Relational databases are very good at efficiently storing and retrieving relational data. And understandably so, since they are around since a few decades. However, there are some aspects where relational databases fall short:

Horizontal scalability/centralized architecture

One can only scale a relational database vertically, i.e., by buying a bigger server. This work upto a point, but beyond a point, it becomes infeasible. Even with existing database clustering solutions such as Galera, there is no support for partitioning or sharding data such that the total data is distributed on different servers, allowing them to scale.

NoSQL databases are designed with horizontal scalability as one of the primary goals. These databases distribute data of a table to multiple database servers, based on a hashing or sharding scheme. Moreover, they also come with tooling to add or delete nodes at a later point of time, and distribute the load evenly accordingly.


Since for RDBMS (Relational databases) all of the data resides on one node, availability gets affected in case of node failure. Mitigation of this issue is generally done by setting up a 'cluster'. A cluster can be active-active (meaning data is synchronously replicated) or an active-passive (master-slave, where data from master is asynchronously replicated to the slaves.

A synchronously replicated, active-active clustering solution like Galera has it's own problems. Synchronous replication means data has to be committed on all of the nodes in the cluster before the request is returned to the caller. This causes deadlock issues (which are more accurately race conditions). Also, such kind of replication is not viable if nodes are spread geographically, due to the synchronous nature. With master slave configuration, as the slave is generally behind, be it by a fraction of seconds, data-loss is a possibility when master goes down and a slave is promoted to master.

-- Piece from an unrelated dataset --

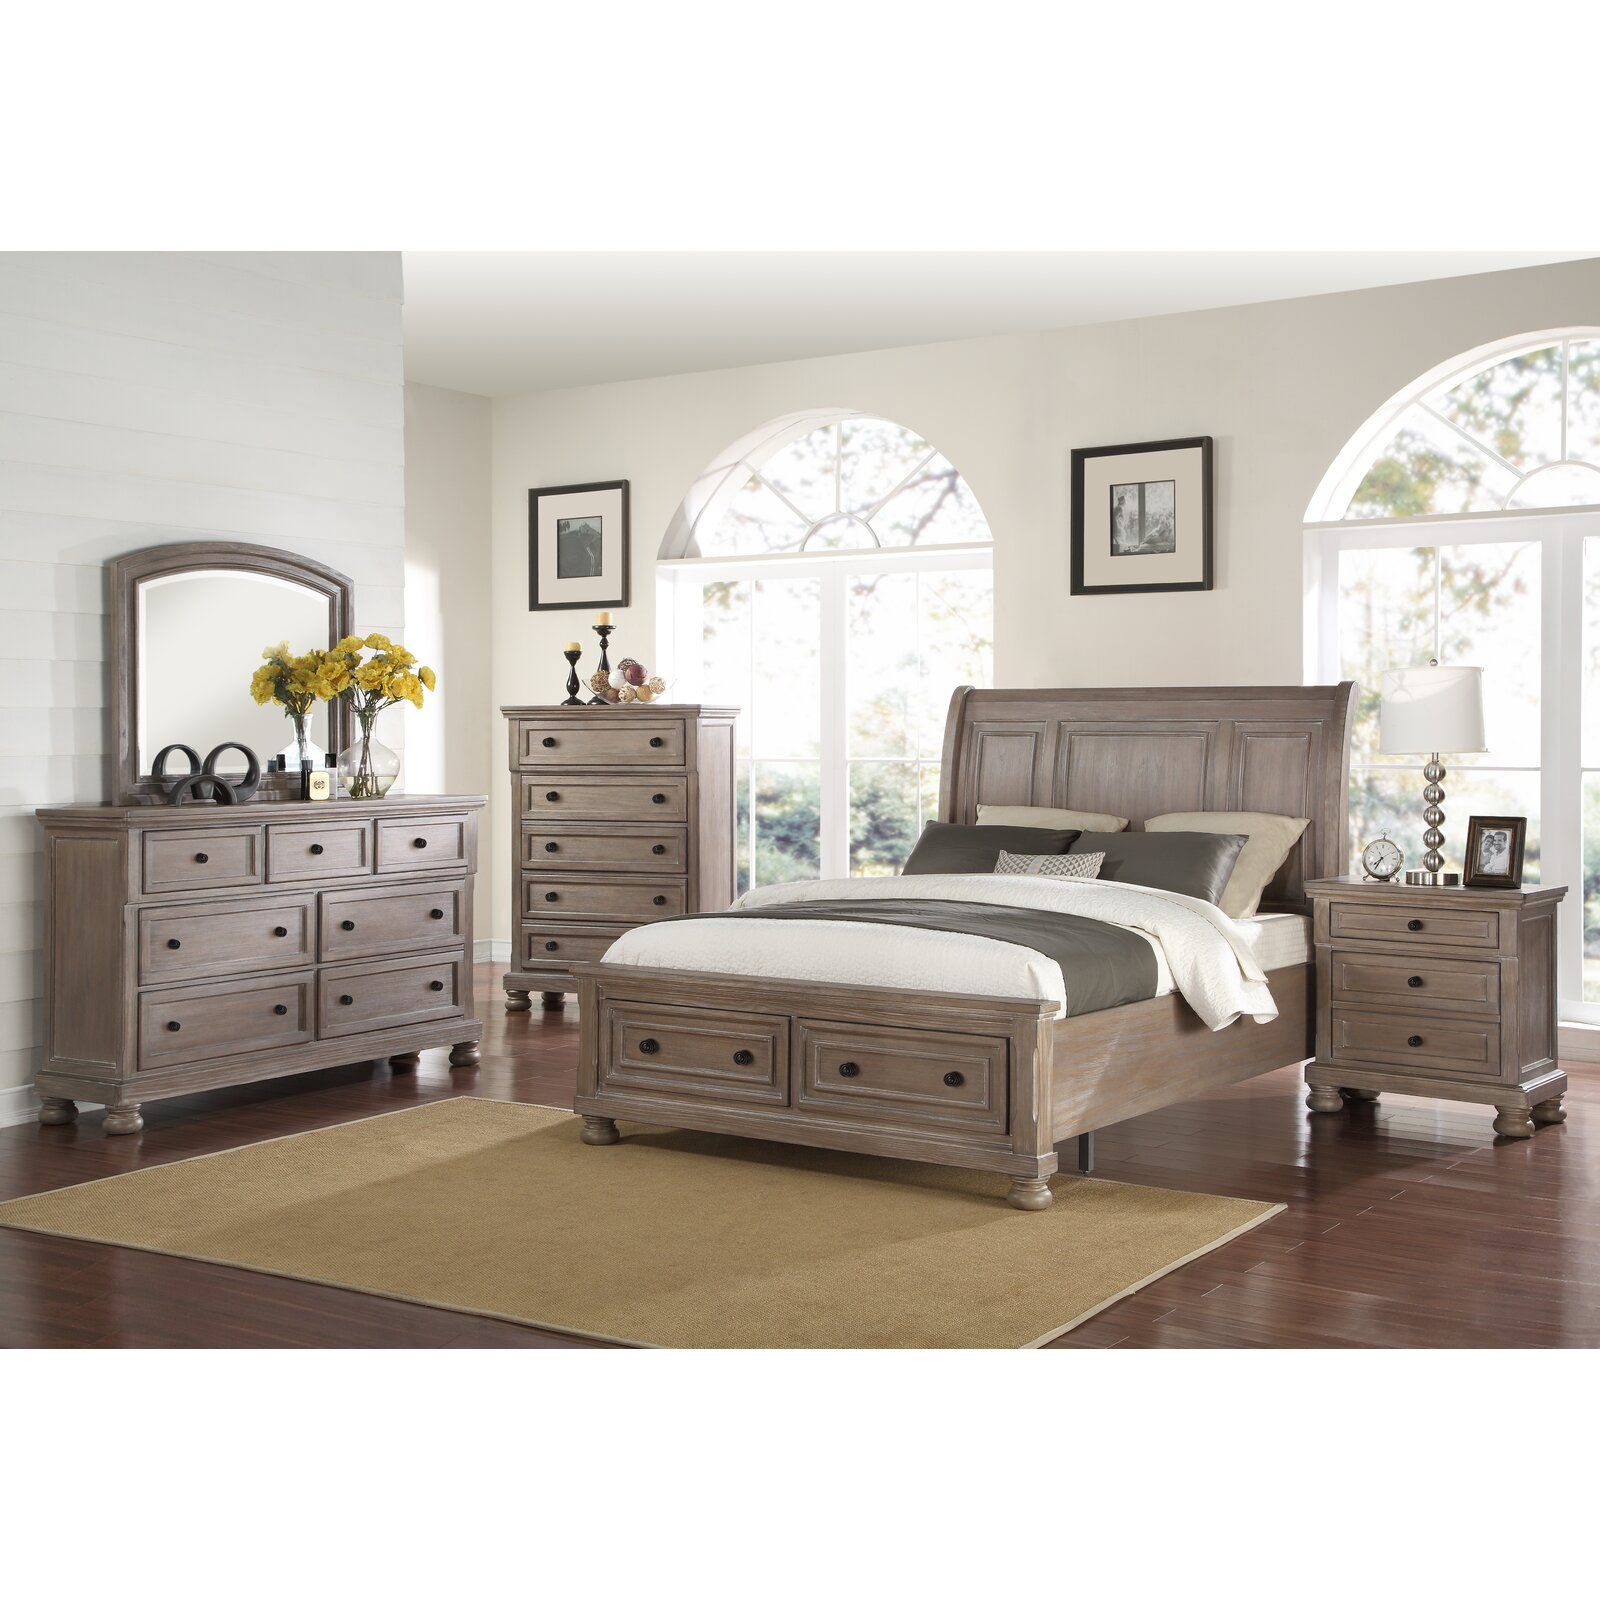 Willesden King Platform Solid Wood Configurable Bedroom Set

In NoSQL databases like Cassandra, one can specify replication count per table, so that data is available all the time. One can specify consistency level while writing/reading such that even if some nodes are down of such a NoSQL cluster, all the operations with the database will succeed.

Data center awareness

Cassandra has DC awareness (TODO: elaborate)

Problem with OpenStack API

Openstack is backed by relational database from the very beginning. This has led to APIs which assume a relational database in the backend. A very good example of this is "sorting by arbitrary columns in listing resources". Concretely, for 'list all instances', 'list all images', and 'list all volumes' APIs, one can sort the results based on ANY attribute of an instance, image or volume (e.g. creation time, size, flavor). Due to the very nature of distributed databases, sorting based on an arbitrary key is very expensive, and is not directly supported. This feature is expensive in relational databases too, but since all data reside on one node, the database APIs still support it despite it involving a full-table scan.

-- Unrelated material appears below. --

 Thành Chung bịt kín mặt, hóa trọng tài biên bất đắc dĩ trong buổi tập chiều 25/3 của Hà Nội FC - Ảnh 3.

The logical plausible solution would be, to make sorting based on any arbitrary keys an 'extension' of OpenStack projects, thereby making it an optional feature. This way, people using NoSQL will not have this extension, and as a result, feature available for their customers, while RDBMS-backed deployments can have.

Some basics of schema design in Cassandra

Cassandra is very similar to relational databases when it comes to tables and columns. First a table has to be created along with the columns and types before data can be inserted into it. Cassandra has a query language called CQL(Cassandra query language) similar to SQL. There is a notion of partition key in Cassandra which is similar to primary key in relational database. The table is partitioned across nodes based on the hash value of the partition key in Cassandra. The primary difference between Cassandra and relational db comes in the queries that can be answered. In relational database the WHERE clause can have arbitrary column whereas in Cassandra it must have the partition key. The query could have other conditions along with the partition key in Cassandra. This is because Cassandra needs to know the partition in which the row or data resides before it can answer queries on it. Rows in a single node which have same partition key can be sorted based on something called clustering key. Partition key and clustering key uniquely identify a row in Cassandra and these two together form primary key of a table in Cassandra.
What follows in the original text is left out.